Understanding polarization-mode dispersion

Wdm93970 27

Eugene Rudkevich

Feenix Y. Pan

Polarization-mode dispersion (PMD) occurs when light pulses in the two orthogonal polarization modes in single-mode optical fibers or components propagate at slightly different velocities. Differential group delay (DGD) is the unit used to describe PMD, and it refers to the difference in arrival time of two light pulses launched into a fiber link along orthogonal polarization modes. Differential group delay is usually measured in picoseconds. The terms PMD and DGD are also sometimes used interchangeably.

In silica and erbium-doped fibers, PMD is caused by a statistical deviation from perfect circularity of the core. The deviation is an artifact of the manufacturing process. This induces birefringence in the fiber due to the ovality of the waveguide and the external mechanical stress fields. In fiberoptic components such as isolators and circulators, PMD is caused by the use of highly birefringent optical elements. In fiber Bragg gratings, PMD is caused by a differential coupling of the orthogonal modes to the grating.

The simplest type of PMD occurs in fiberoptic components such as isolators, circulators, and fiber Bragg gratings, as well as in polarization-maintaining fiber. This type of PMD can be modeled by a single element with a fixed amount of birefringence and is referred to as first-order or non-mode-coupled PMD. A second type of PMD that occurs in single-mode optical fibers is referred to as higher-order or mode-coupled PMD. This type of PMD can be modeled as a series of concatenated elements, each with a random birefringence and a random orientation of the fast and slow axes (see Fig. 1).1

Given this random nature, the exact DGD of a section of single-mode fiber cannot be calculated. Instead, a statistical method is used to calculate the mean DGD and the standard deviation. In addition, the DGD varies with wavelength and drifts over time in installed fiber; thus, the measured DGD of a spool of fiber can be different than the measured DGD of the same fiber when it is installed.

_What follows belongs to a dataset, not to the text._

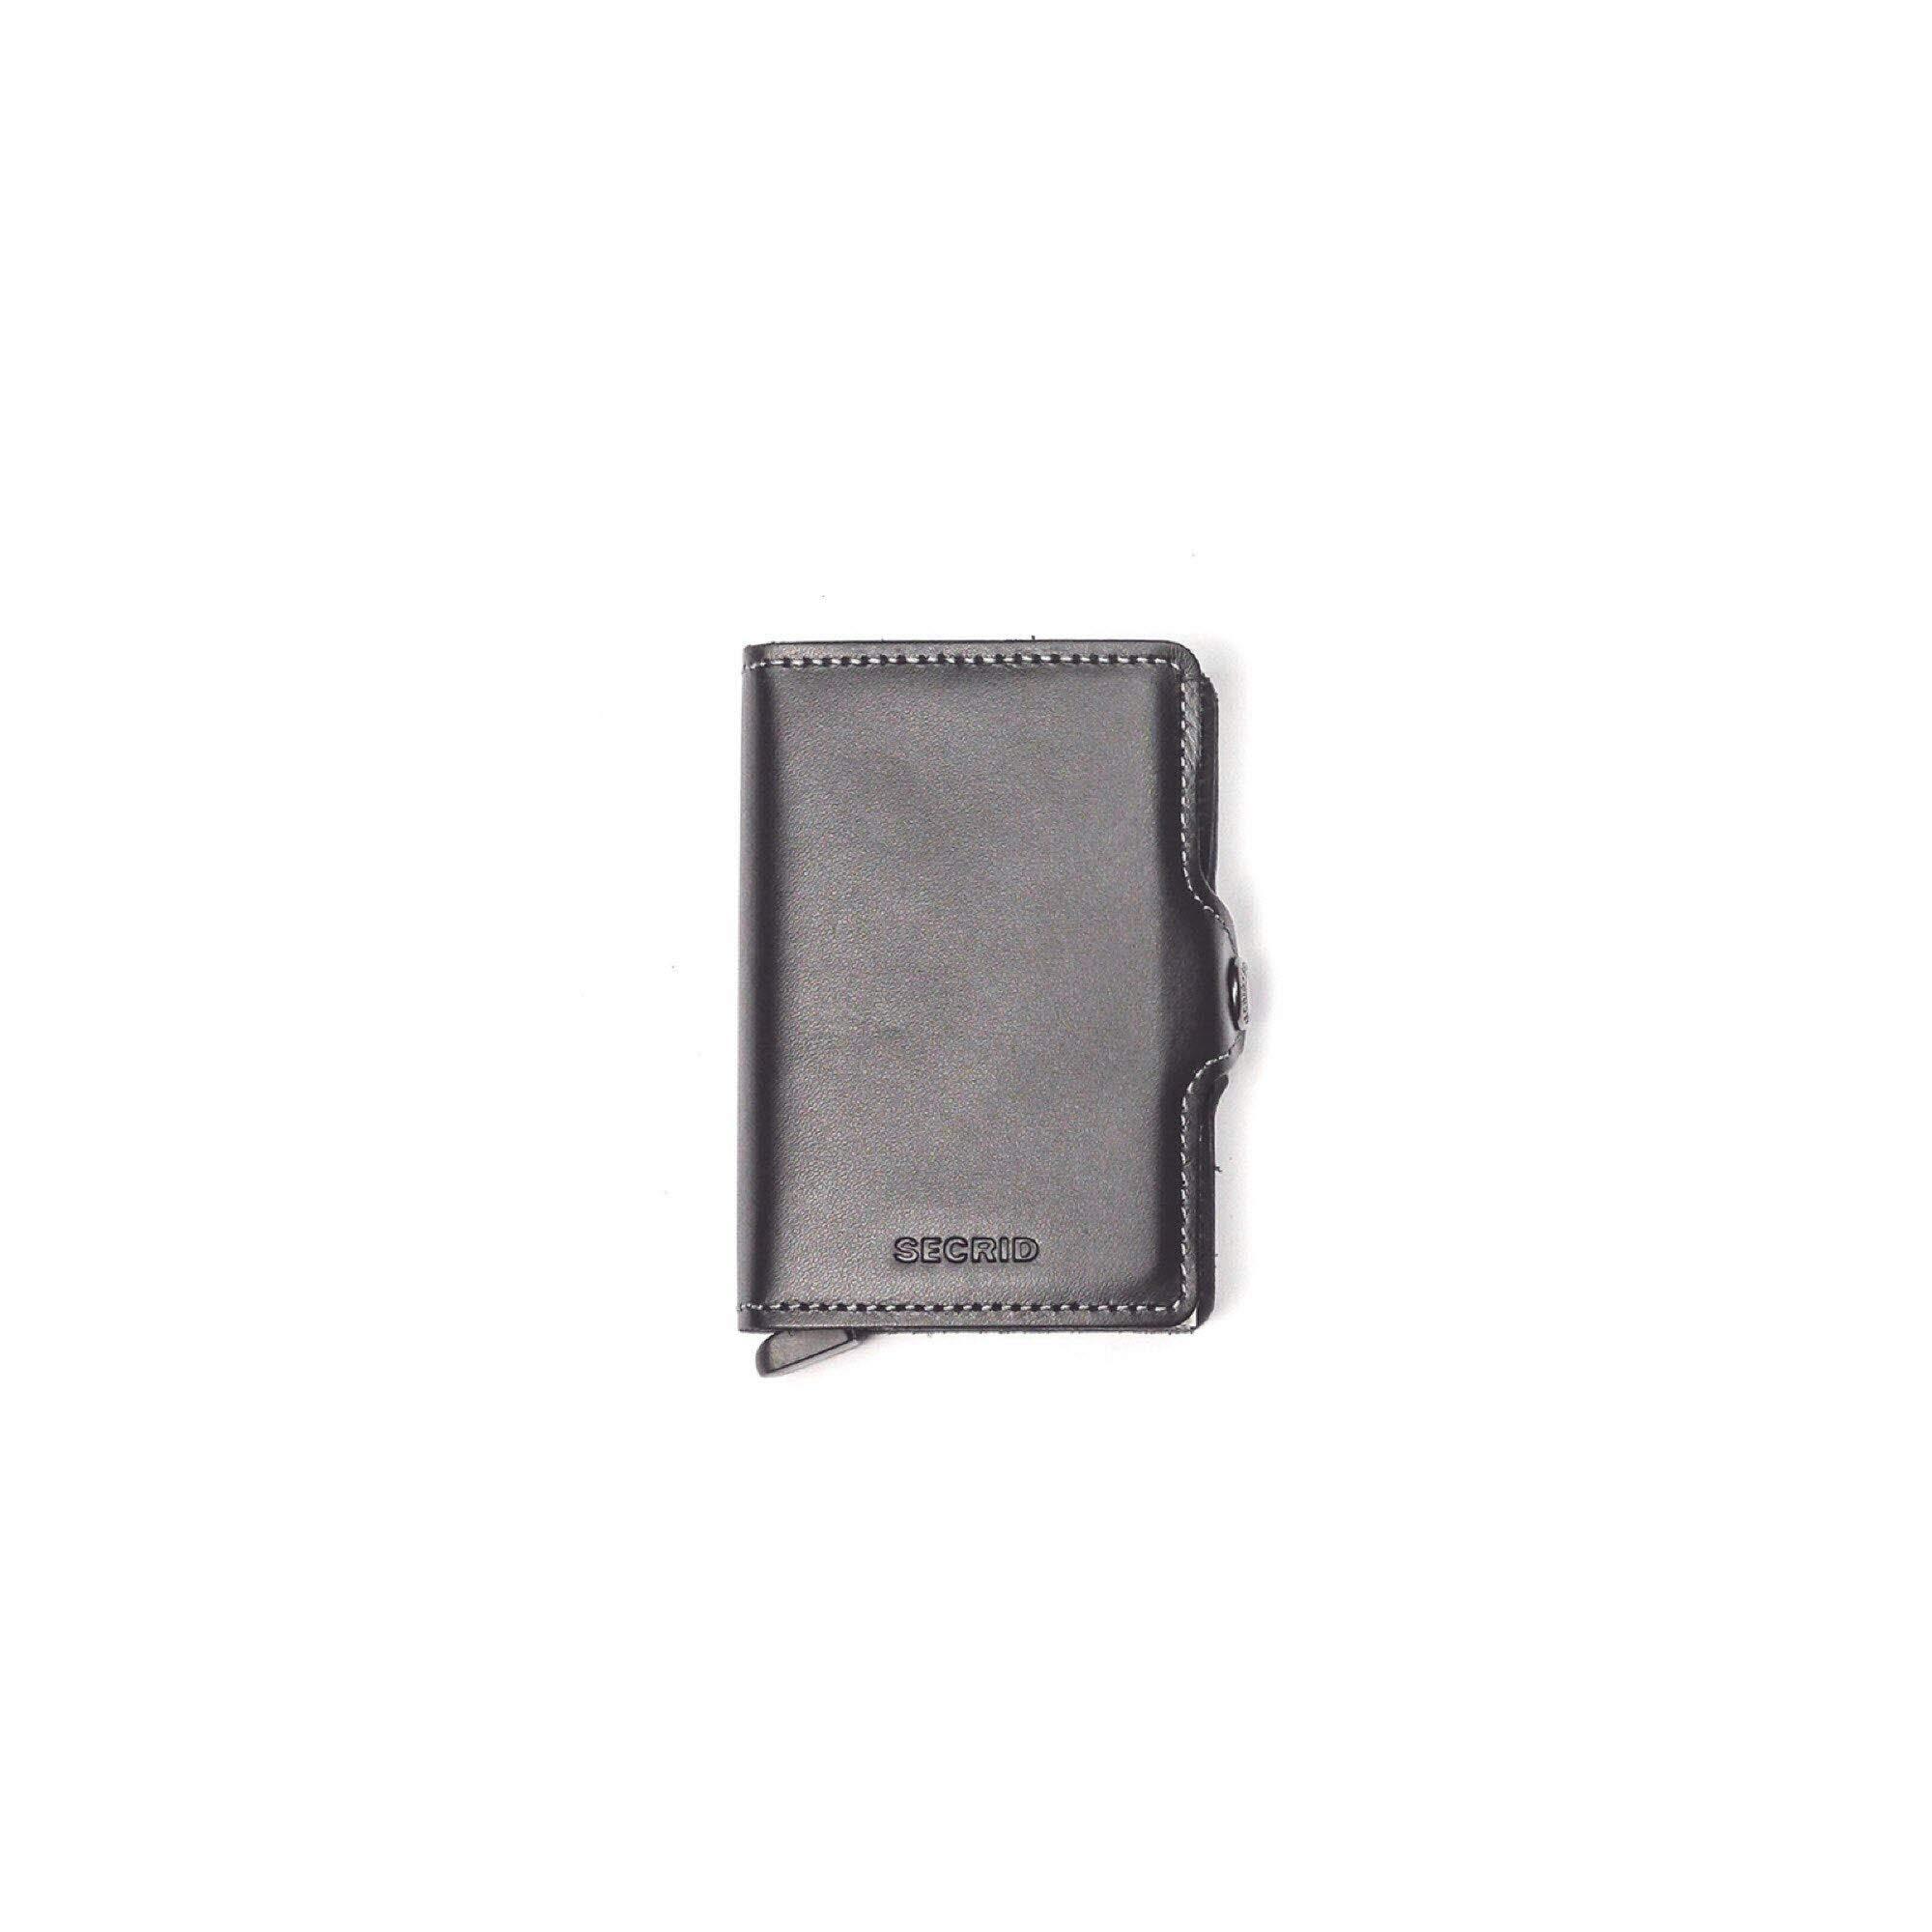 Secrid Twinwallet ORIGINAL Black wallet
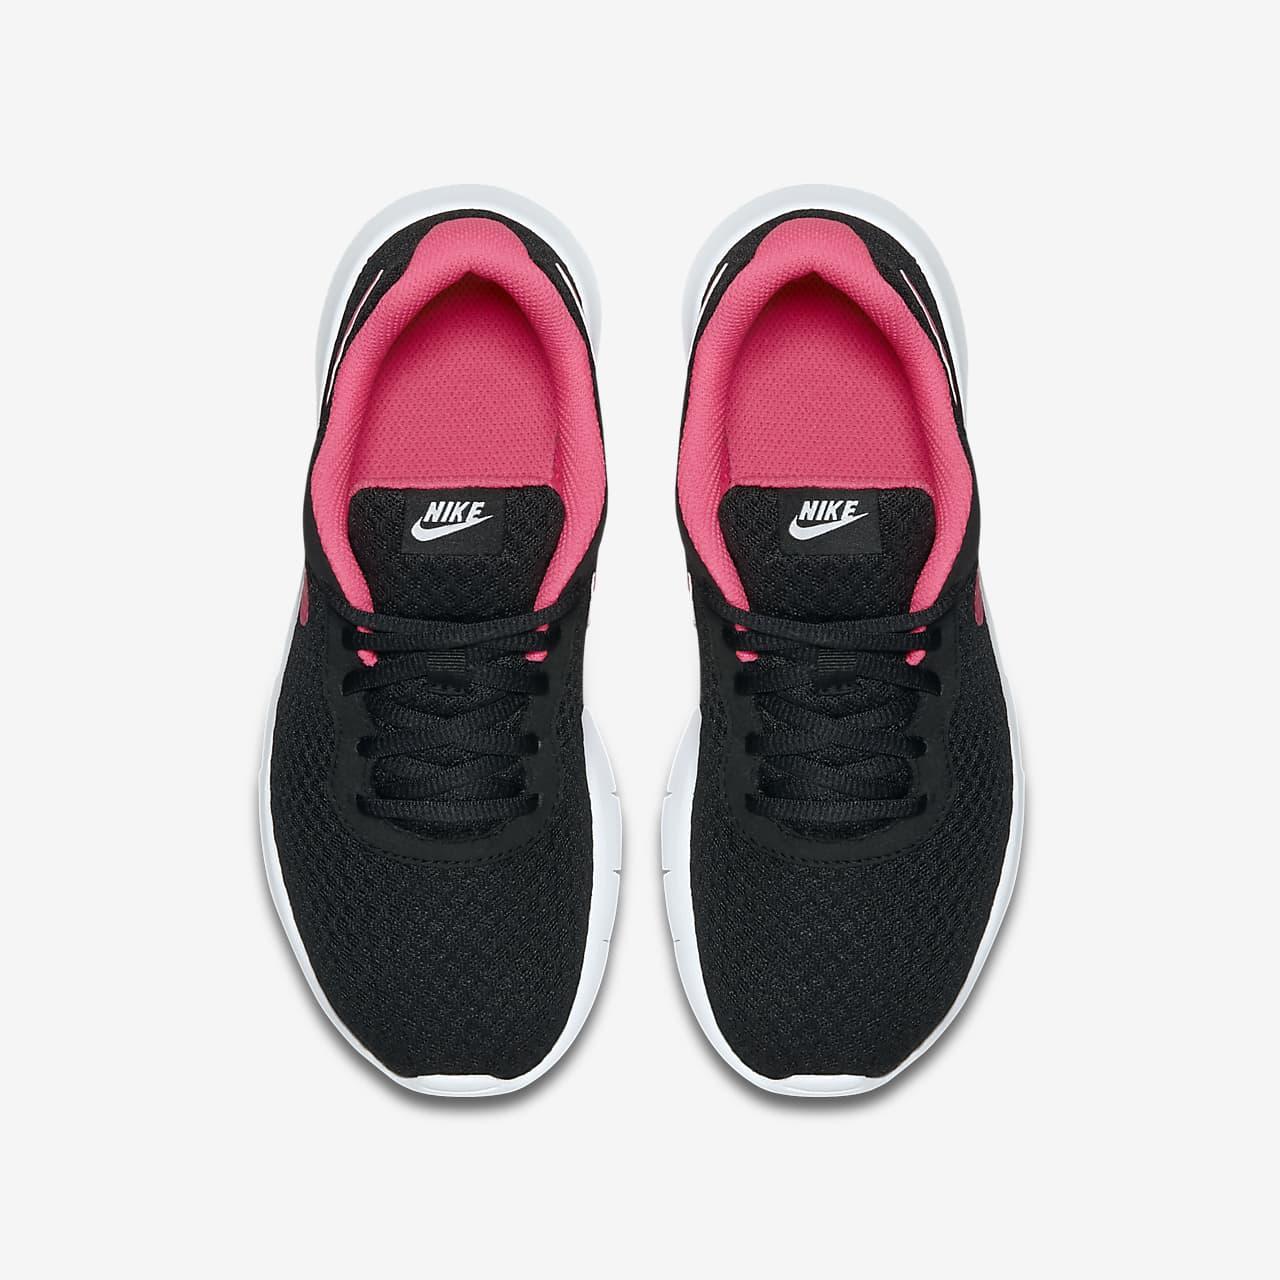 NIKE Older Kids Tanjun Sneakers

The most serious consequences of PMD in a digital fiberoptic telecommunications link are pulse broadening and intersymbol interference, which are due to the different propagation velocities of the optical pulses that are in the orthogonal polarization modes. These effects can be observed by the closure of the "eye" in oscilloscope measurements at the receiver. If the pulse broadening is severe enough, an increased bit-error rate can result. As a rule of thumb, the composite DGD should be kept below 10% of a bit period in an uncompensated fiber link. This translates to 10 ps for a 10-Gbit/s system. This performance penalty is a major limitation for systems operating at 10 Gbit/s and above.

The unpredictability of PMD in installed fiber is what makes it such a difficult problem to address. Although current state-of-the-art single-mode fiber exhibits PMD values of approximately 0.1 ps/km1/2, some spans of fiber installed prior to the mid 1990s have PMD values ranging from 1 to 10 ps/km1/2. In addition, at that time, PMD was not routinely measured when the fiber was installed, so it becomes very difficult to predict which spans of fiber have high PMD. The net result is that severe complications can result when the transmitted per-channel bit rates are increased to more than 10 Gbit/s in older fiber spans.

PMD can be emulated

To cope with the challenges presented by PMD it is necessary to be able to emulate the characteristics of a fiber span with PMD. To this end, much effort has been devoted to designing and constructing PMD emulators that can accurately replicate what occurs in installed fiber. A PMD emulator can be used to test the response of a fiberoptic telecommunication system to a fiber span with high PMD and also to test the effectiveness of PMD compensators. In these cases it is more advantageous to use a PMD emulator instead of an actual fiber span, because single-mode fiber with PMD values comparable to those of fibers produced ten years ago is no longer available. In addition, it is easier to reproducibly modify the PMD parameters of an emulator as compared to standard fiber.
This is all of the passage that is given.